*Instructions to follow*. A faithful copy of the data below is required, leaving out every picture.

#### Information supplied

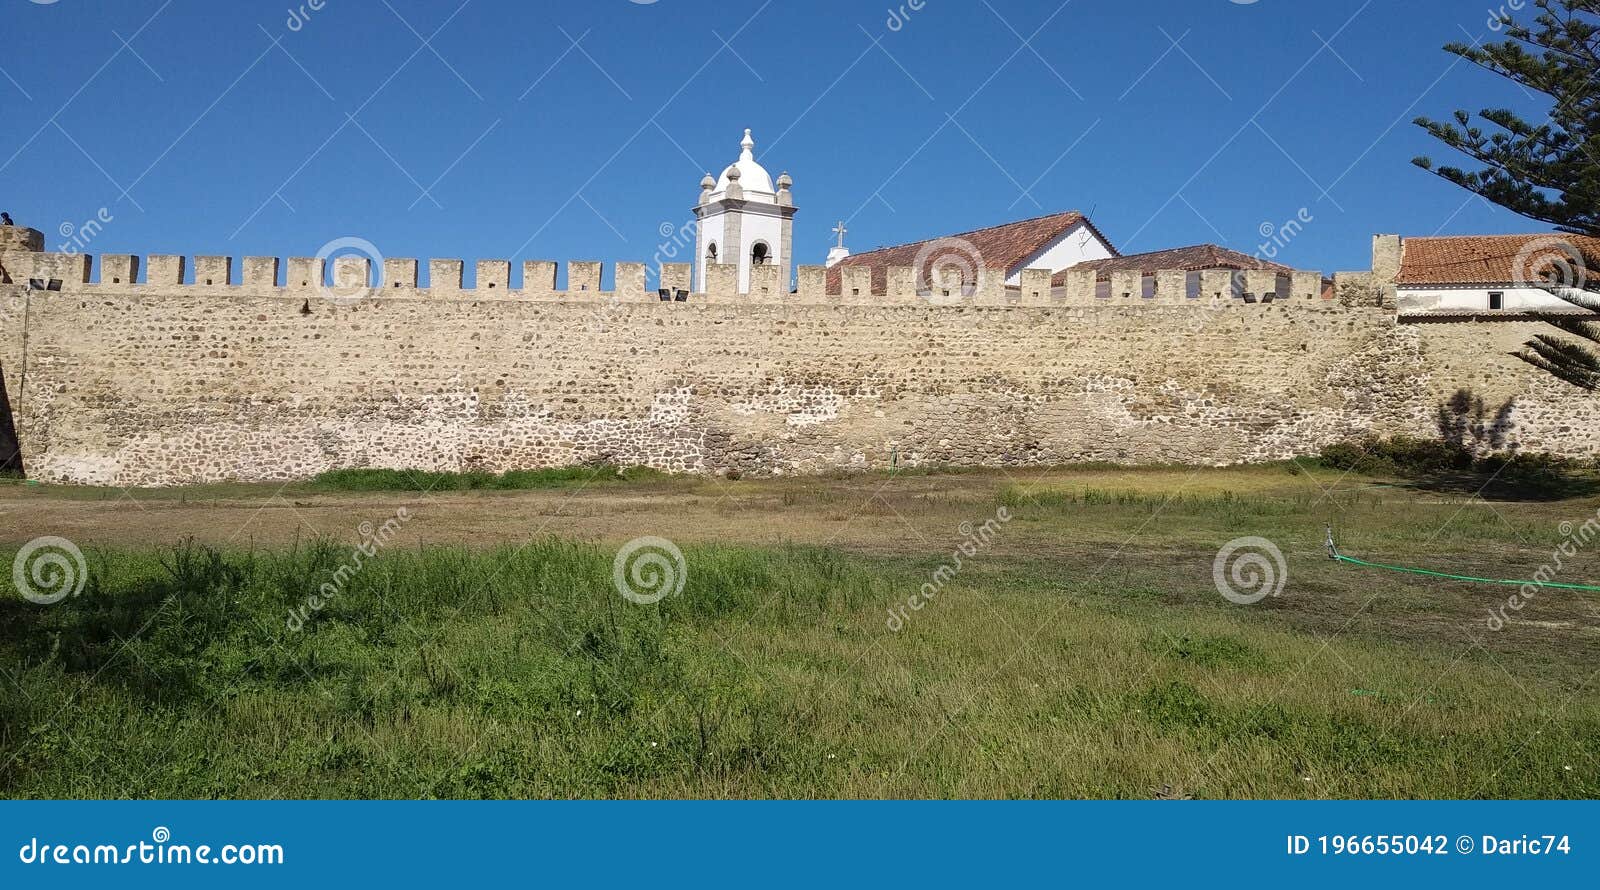 castelo of sines castel, alentejo, portugal
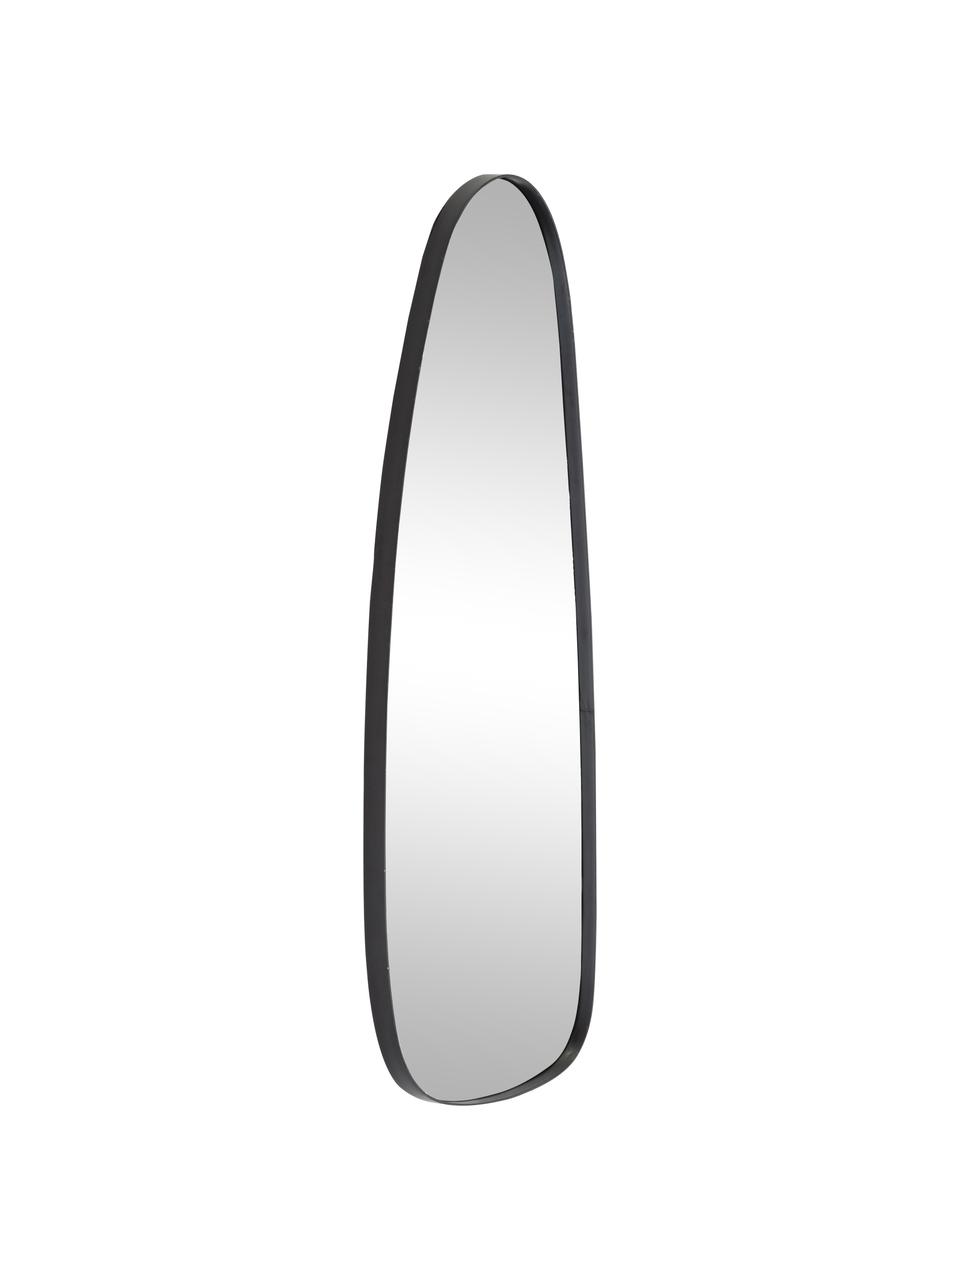 Ovaler Wandspiegel Codoll mit schwarzem Metallrahmen, Rahmen: Metall, lackiert, Spiegelfläche: Spiegelglas, Rahmen: SchwarzSpiegelfläche: Spiegelglas, 39 x 95 cm
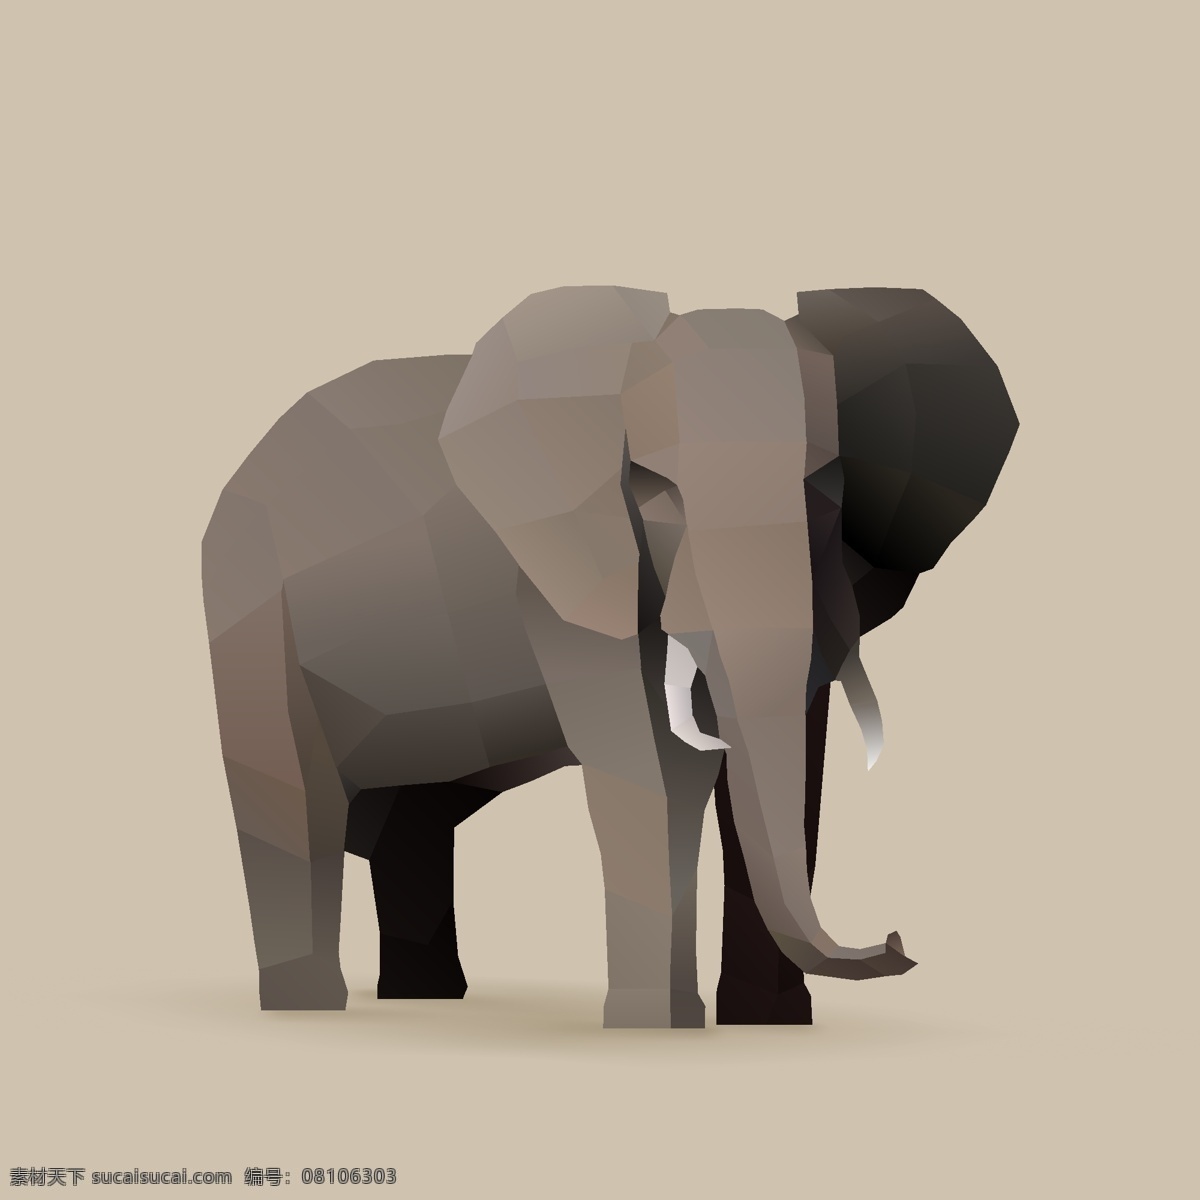 大象图片 大鼻子 象 大象 矢量鹿 工笔画 工笔画大象 插画 插画大象 原画 装饰画 背景墙 元素 动物 生物 生物世界 野生动物
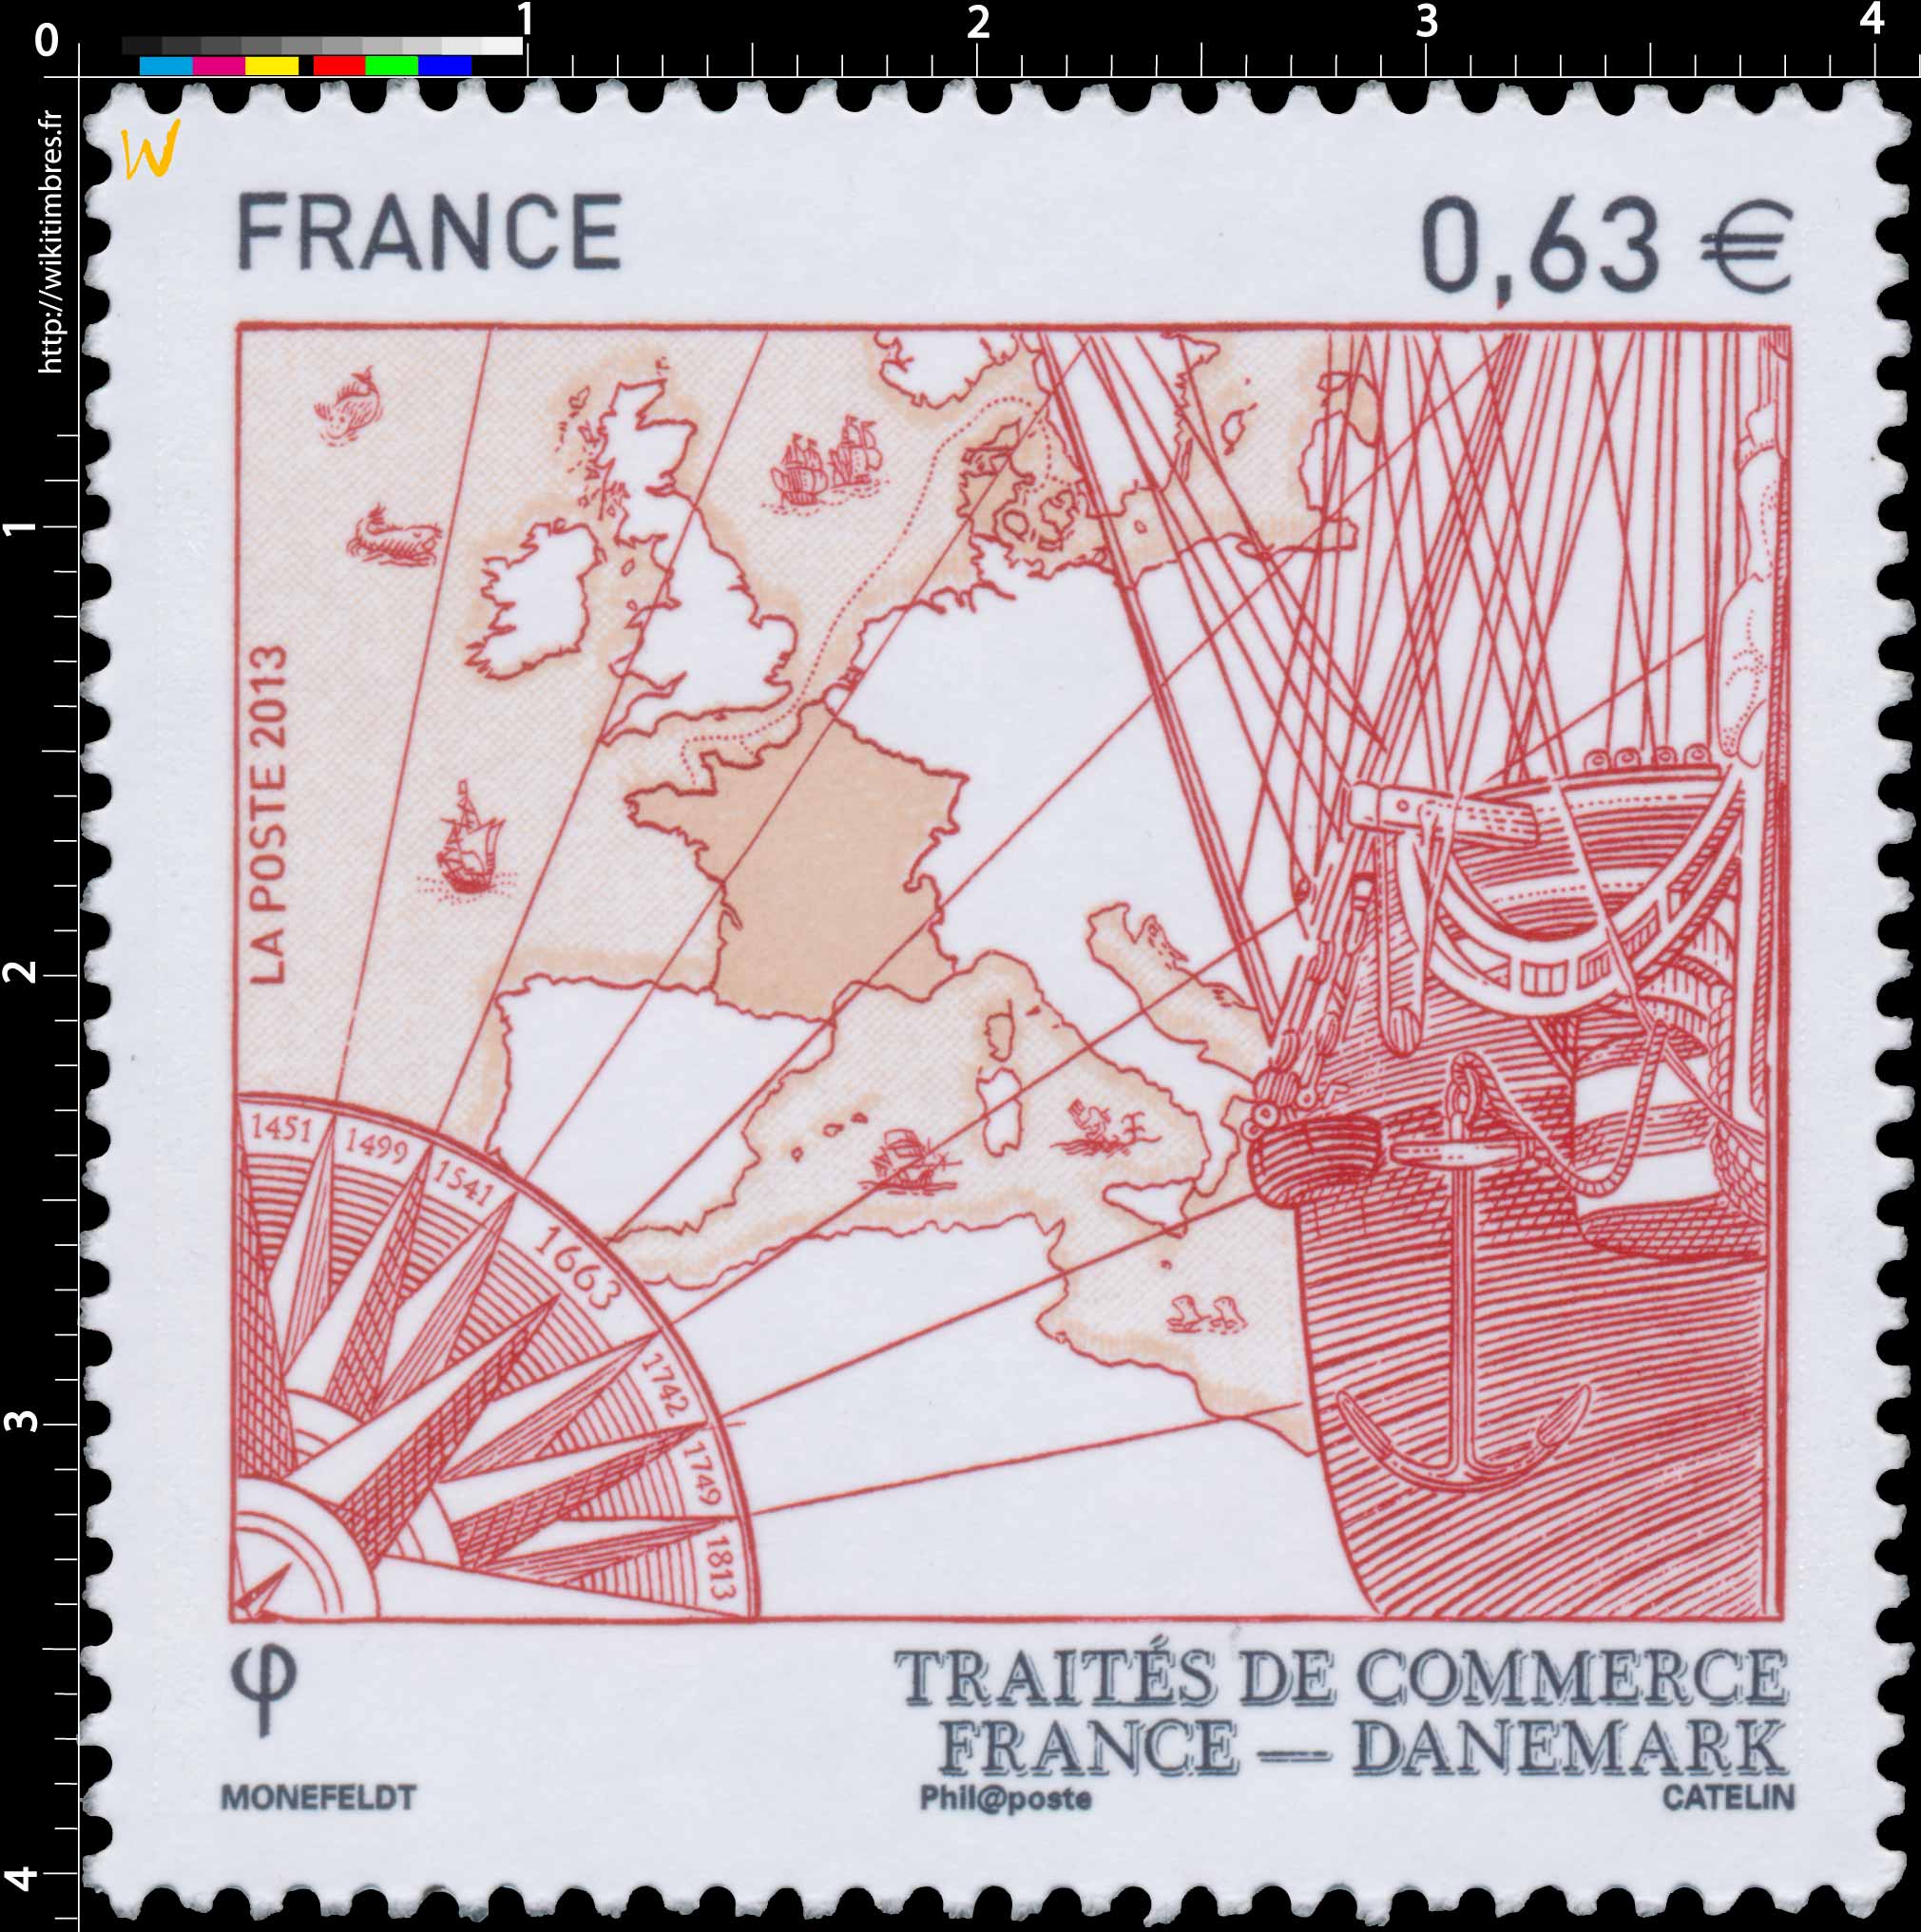 Traité de commerce France - Danemark

########

*Task answer*.
 castelo of sines castel, alentejo, portugal
 Ovaler Wandspiegel Codoll mit schwarzem Metallrahmen, Rahmen: Metall, lackiert, Spiegelfläche: Spiegelglas, Rahmen: SchwarzSpiegelfläche: Spiegelglas, 39 x 95 cm
 大象图片 大鼻子 象 大象 矢量鹿 工笔画 工笔画大象 插画 插画大象 原画 装饰画 背景墙 元素 动物 生物 生物世界 野生动物
 Traité de commerce France - Danemark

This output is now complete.